Jeffrey Goldberg, as arch an arch-Zionist as you'll ever find, on the settlers:

Since the United States partially underwrites Israel, it has the right to make certain demands; since this demand is something that the majority of Israelis, in any case, understand, it's hard to see this as something akin to slavery. Here's the thing: The settlers are arguing that their human rights would be violated if they were made to move to Israel. That's right. It used to be that a person could fulfill his Zionist destiny in a place like Petah Tikva, but no more: Now, it's a sin against God, apparently, to live anywhere but in a government-subsidized trailer on a barren hill in the mountains of Samaria.

I don't have any problem with the American demand for a settlement freeze; the settlements are an impediment to peace, they are a security burden, and they are petri dishes for the worst sort of fundamentalist messianism

Posted by Stephen Silver at June 1, 2009 04:49 PM

There were no "settlements" in 1937 when the Arabs rejected the Peel Commission.

There were no "settlements" in 1947 when the Arabs rejected the UN partition plan.

There were no "settlements" in 1964 when the PLO was founded.

Jewish homes in Judea and Samaria are not an impediment to peace. I would suggest that the utter lack of reliable societal institutions in the Palestinian community -- caused by decades of infighting and corruption -- is to blame.

Posted by: jabbett at June 1, 2009 05:26 PM

This article ignores two major points.

First, the claim that their human rights would be violated if they were made to move has nothing to do with religion. It is more related to the fact that the standard Palestinian demand for years has been a two state solution featuring a Jew-free Palestinian state and a Jewish state that must allow Palestinians the "right of return". Why should Jews whose families came from Judea and Samaria before 1948 not be allowed a right of return as well?

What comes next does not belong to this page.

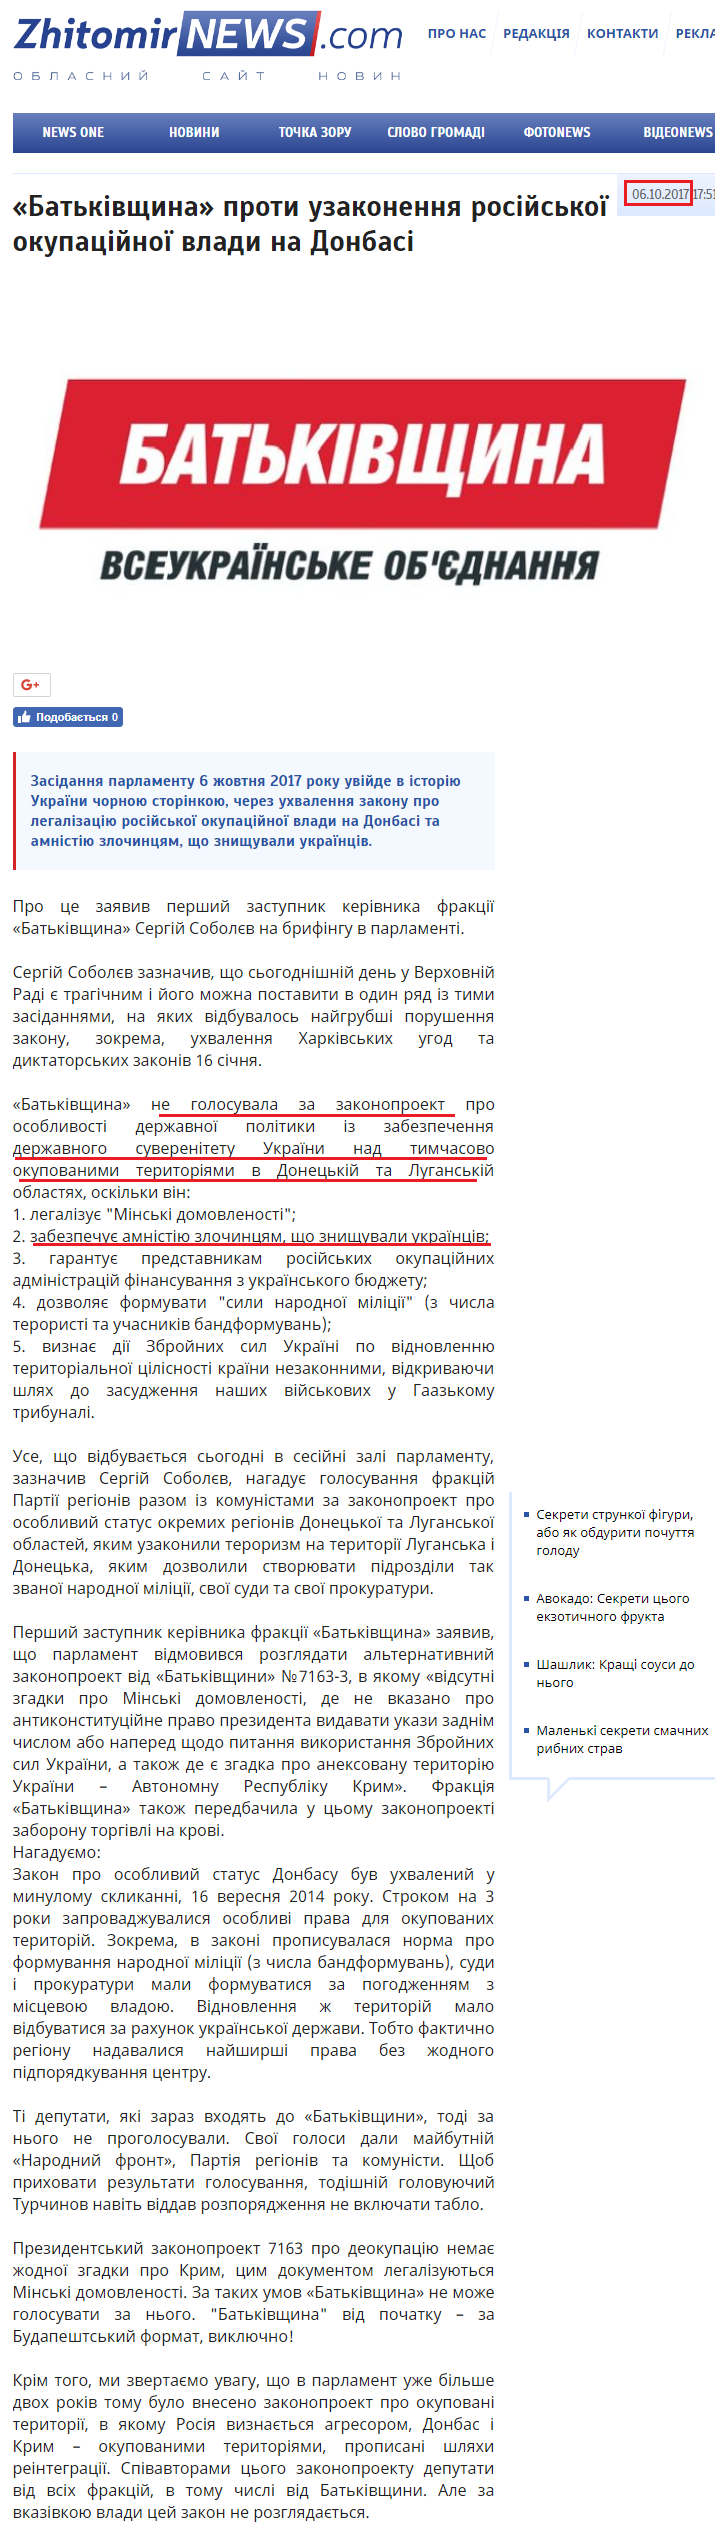 http://www.zhitomirnews.com/noviniukrayini/batkivsina-proti-uzakonenna-rosijskoi-okupacijnoi-vladi-na-donbasi-

Second, Goldberg makes no distinction between people who live in big towns like Maaleh Adumim and Efrat and those who put up an outpost in the middle of the night on a barren hillside. Sure there are messianic fundamentalists among those who live in the West Bank (and even those who live in the undisputed areas of Israel), but lumping the hillside crazies with the majority of residents is akin to saying that all Texans are crazy religious fanatics because the Branch Davidians lived in Texas.